O programa trouxe três novidades importantes. Primeiro, todos os seis protagonistas da história foram vividos por atores negros. Segundo, foi escrito por uma autora negra, Cleissa Regina Martins, de 24 anos. Ela foi revelada pela primeira turma do Laboratório de Narrativas Negras, uma parceria entre a Globo e a Flup, a Festa Literária das Periferias, iniciada em 2017.

O racismo, naturalmente, foi tratado sem filtros. Aposentado e viúvo, Orlando (Milton Gonçalves) tenta arrumar um bico como Papai Noel para ajudar nas contas da família, mas é considerado “moreno” demais.

Nem mesmo um comerciante negro, vivido por Tony Tornado, dá emprego para ele: “Presidente até vai, mas Papai Noel preto, não”, diz, referindo-se a Barack Obama.

O ator Milton Gonçalves está no elenco do especial de Natal da Globo, “Juntos a Magia Acontece”, que vai ao ar no dia 25 de dezembro; no programa, ele será Orlando, que tem o sonho de ser um Papai Noel
O ator Milton Gonçalves está no elenco do especial de Natal da Globo, 'Juntos a Magia Acontece', que vai ao ar no dia 25 de dezembro; no programa, ele será Orlando, que tem o sonho de ser um Papai Noel - Estevam Avellar/Globo
 

A terceira novidade é que o especial foi resultado de uma parceria comercial da Globo com a Coca-Cola, 
intermediada pela WMcCann. Ela foi uma das 15 agências de propaganda que firmaram no ano passado um pacto com o Ministério Público do Trabalho se comprometendo a ampliar o espaço para profissionais negros no mercado publicitário nacional.

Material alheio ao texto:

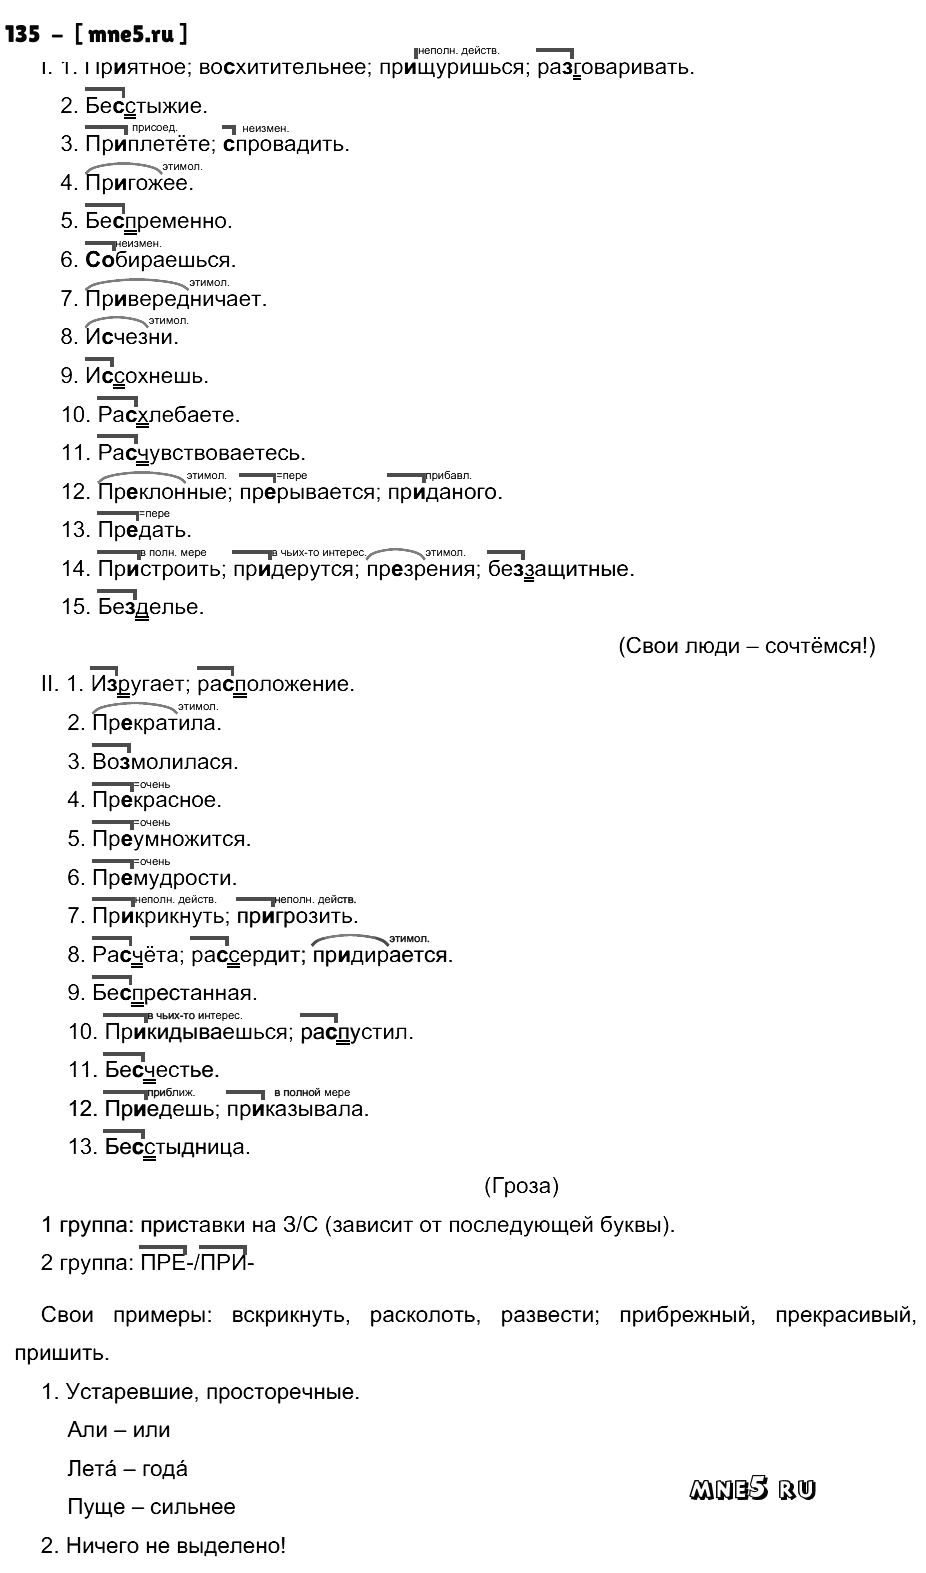 ГДЗ Русский язык 10 класс - 135

“Lindo, inédito e importante trabalho”, festejou a procuradora Valdirene Assis, no dia da estreia do especial de Natal da Globo. Desde o final de 2017, ela integra um grupo de trabalho formado por procuradores do MPT de diferentes regiões do país dedicado especificamente à questão da representação racial na mídia.

A ação deste grupo ganhou visibilidade em maio de 2018. O pretexto foi oferecido pela própria Globo com a estreia de “Segundo Sol”, uma novela ambientada em Salvador, cidade com população, em sua maioria, formada por negros e pardos. Além de todos os protagonistas serem brancos, havia apenas três atores negros entre os 26 principais.

A situação incomodou até mesmo o elenco da novela, que procurou a direção da emissora. Em nota, na ocasião, a Globo reconheceu o problema: “Foi colocado que, de fato, ainda temos uma representatividade menor do que gostaríamos e vamos trabalhar para evoluir com essa questão”.

Lançada no final de julho do ano passado, “Bom Sucesso” expressa uma situação diferente, não apenas em termos numéricos (dos 51 personagens da trama, 17 são vividos por atores negros ou pardos), mas na forma de apresentação.

Há negros em diferentes posições na trama: um dos protagonistas, a diretora comercial de uma editora de livros, um médico, a diretora de uma escola, além, claro, dos vários moradores que formam o núcleo do bairro de Bonsucesso, na zona norte carioca.

Diferentemente de quem nega o racismo, os autores da novela, Paulo Halm e Rosane Svartman, têm dado seguidas mostras de que reconhecem a existência do problema. 

Fazem isso, porém, sem condescendência, o que, para mim, parece um aspecto positivo, mas é visto criticamente por militantes da causa. Em todo caso, é um debate aberto propiciado pela novela.